A surprisingly stunning view over Leh
from the toilet at the palace cafe
The food in Ladkh is incredible, and not what I'd expected from India. Because of Tibetan influences, the food is beautifully fragrant and fresh. Vegetarian stews such as thukpa, served with khambir, a soft flatbread, were exactly what we needed after a long day. In town we bought momos, beautifully comforting steamed dumplings served with spicy dipping sauce, and drank mango lassis from a rooftop restaurant overlooking a busy street and a monastery. Monks are everywhere in Ladakh - both obviously important wizened old men, ushered through crowds into monasteries, and young boys wearing trainers, jumpers and beanie hats, carrying iPhones.
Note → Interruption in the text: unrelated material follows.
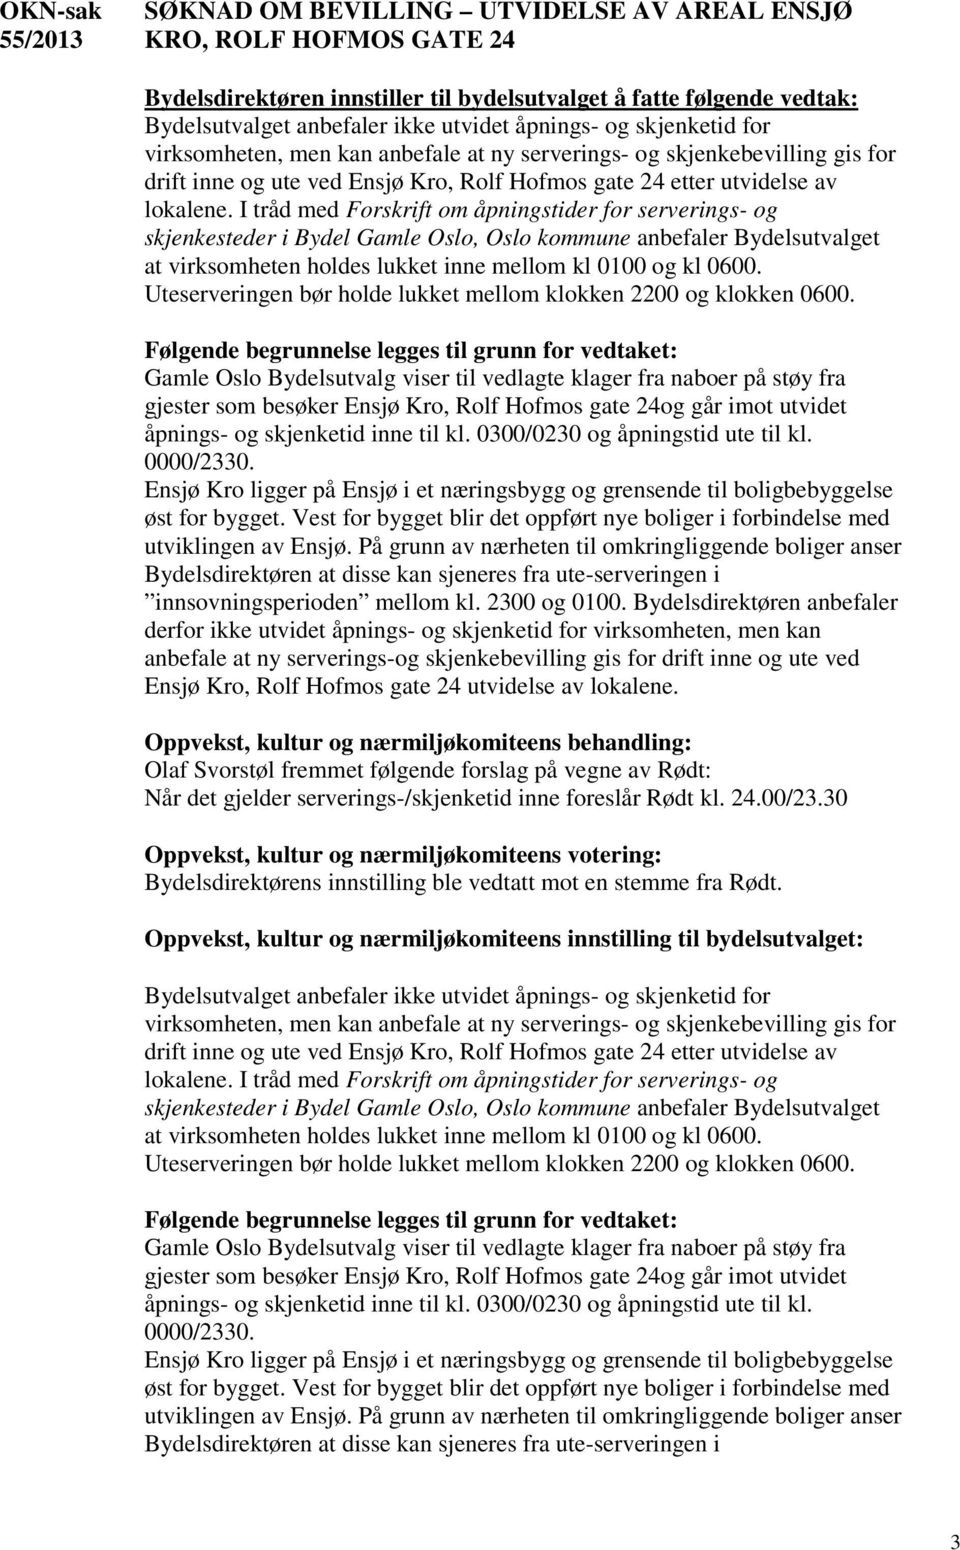 I tråd med Forskrift om åpningstider for serverings- og skjenkesteder i Bydel Gamle Oslo, Oslo kommune anbefaler Bydelsutvalget at virksomheten holdes lukket inne mellom kl 0100 og kl 0600.

They welcomed us into their monasteries many times throughout the expedition, greeting us and helping us, spreading their kindness and generosity.

Dogs also run rife in Leh, as they do in Delhi (except these were much fluffier, hardier mountain dogs than those in the city). They're a real nuisance, and their population is getting out of control, but no solution has been reached by the governing authority. They bark and fight until 3am, making sleeping very difficult - and that's on top of the scary periodic breathing due to the altitude from whoever you're sharing a room with - and occasionally get vicious and attack people. Whilst shopping in town we began to be followed by Fluffy, who obviously didn't have any doggy friends; he'd be barked at and chased as we walked around the town, but he just wouldn't leave us alone. He was welcomed into our team at first, but when the other dogs wouldn't let us go up a path to a monastery because of him we decided we should probably try to lose him. About twenty corners and a few quick jogs later we were four again (and also slightly lost..).

Shanti Stupa in Leh - LEDeG hostel was just below this
Leh is a paradise for westerners attempting to 'find themselves' - the number of people wearing floppy hippy trousers with dreadlocks told us that - so there are a lot of yoga retreats held there. We attempted quite a few yoga sessions throughout the expedition, which at times felt pretty special. In Leh, we held some early morning sessions, involving lots of sun salutations and pose holding, but out at base camp and even on some of our long treks we managed to fit some in. Stretching out our backs after a long day of carrying our rucksacks, watching the sun go down and listening to the flow of the river beside us towards the end of the expedition will always stay with me, especially the comedic value of not being able to breathe and trying to hold poses in a down jacket and mountain boots.

Sitting outside in my garden with a cup of coffee and the dog at my feet, it's hard to comprehend how far from Ladakh I am right now. Fighting the post-expedition blues is harder than I'd expected. Time to pack for California!